I applied on line to set up an account and lo and behold i got an partially completed application form in the post. I am an existing Ulster Bank Customer and use Anytime Banking. I telephoned them as to why i had to sign a form when "Sunny" & "generalzod" had their account appear instantaneously. I was told that everybody had to complete the application form. Not happy with this i rang Anytime Banking who couldn’t help me and put me on to Internet Banking helpdesk; who, surpise surprise gave me the answer "it sometimes happens like that". It doesn't insprire confidence. Anyway i sent the form back today and I reckon it will take at least 7 working days before the account will appear.


----------



## dangerhere (14 Nov 2007)

Signed up on Friday via internet.
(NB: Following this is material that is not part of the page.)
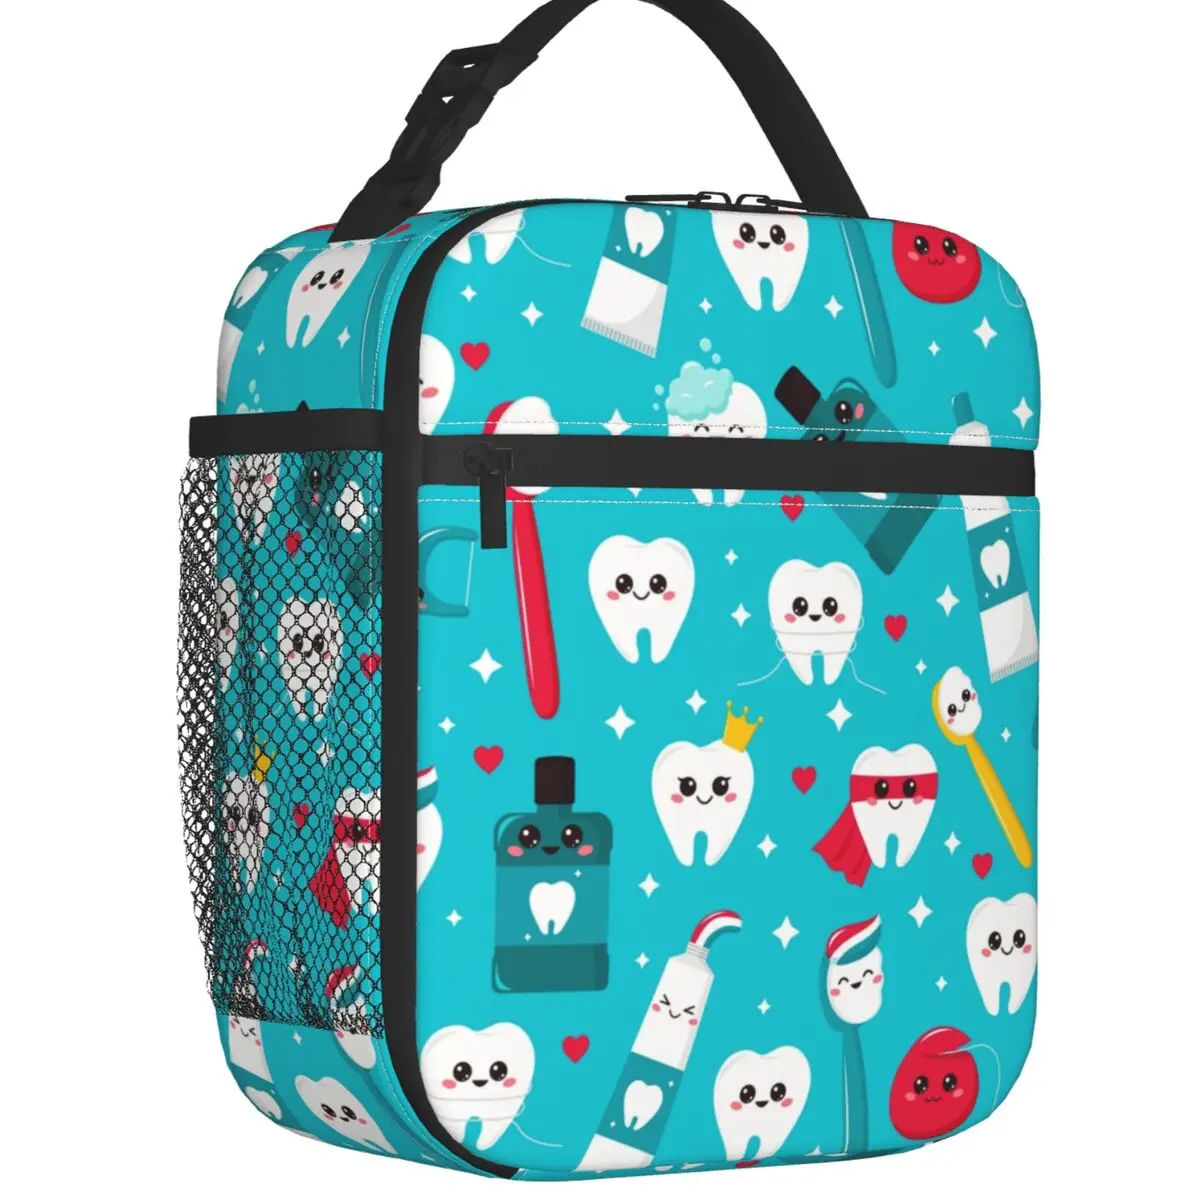 

Dentist Cartoon Pattern Insulated Lunch Bag for Women Leakproof Tooth Medical Cooler Thermal Bento Box Office Work School

No sign of a/c on internet or anything in the post.


----------



## Celt07 (14 Nov 2007)

Are there any fees charges on this account?


----------



## Sunny (14 Nov 2007)

Celt07 said:


> Are there any fees charges on this account?


 
No. Its just an online savings account


----------



## NavanMan1 (14 Nov 2007)

Just a final update on my saga regarding what I thought was the simple process of opening up an eSavings account.

On Monday morning Nov12th, received in the post an application pack for the second online application I made on Nov02nd. Completed and posted back that morning.

At work, logged on to Anytime Banking and to my surprise I see in addition to my current & Visa accounts, two new eSavings accounts.

The first from my original online application of Oct17th, where I posted back the form on Oct22nd and second for the third online application I made on Nov09th.

What this shows is that Ulster Bank do not have a consistent policy regarding online applications as the first account I now have needed me to return a signed form while the third online application created an up & running account within one working day.

It also show that the eSavings Customer Service (1890 252229) don’t have a clue what’s going on. I made numerous calls to them regarding my original application. On Friday Nov09th, they told me they had no record of receiving back the signed form from my original application and suggested it may have got lost in their internal mail from Dublin to Belfast. They were able to tell me that they could see on their records that they had posted out on Nov03rd the application pack for the second online application I made.

My advise for people having difficulties setting up an eSavings account online is to check their online Anytime Banking account. If no sign of it there, then make an other online application, and repeat in one week intervals until eventually it appears. Also don’t waste your time phoning customer service as they don’t appear to have ant visibility into the application process and are not proactive in trying to sort out your problems.


----------



## paddywhacker (20 Dec 2007)

Just a quick question re this account, got my documentation to set it up etc but there is something about in the declaration about my applying for a cashcard for this account? Don't want a card and the associated duties, thought this was a straightforward online account? Do the rest of you have a cashcard for the esavings account?
Thanks


----------



## GeneralZod (20 Dec 2007)

You do not get  an ATM card with the eSavings account.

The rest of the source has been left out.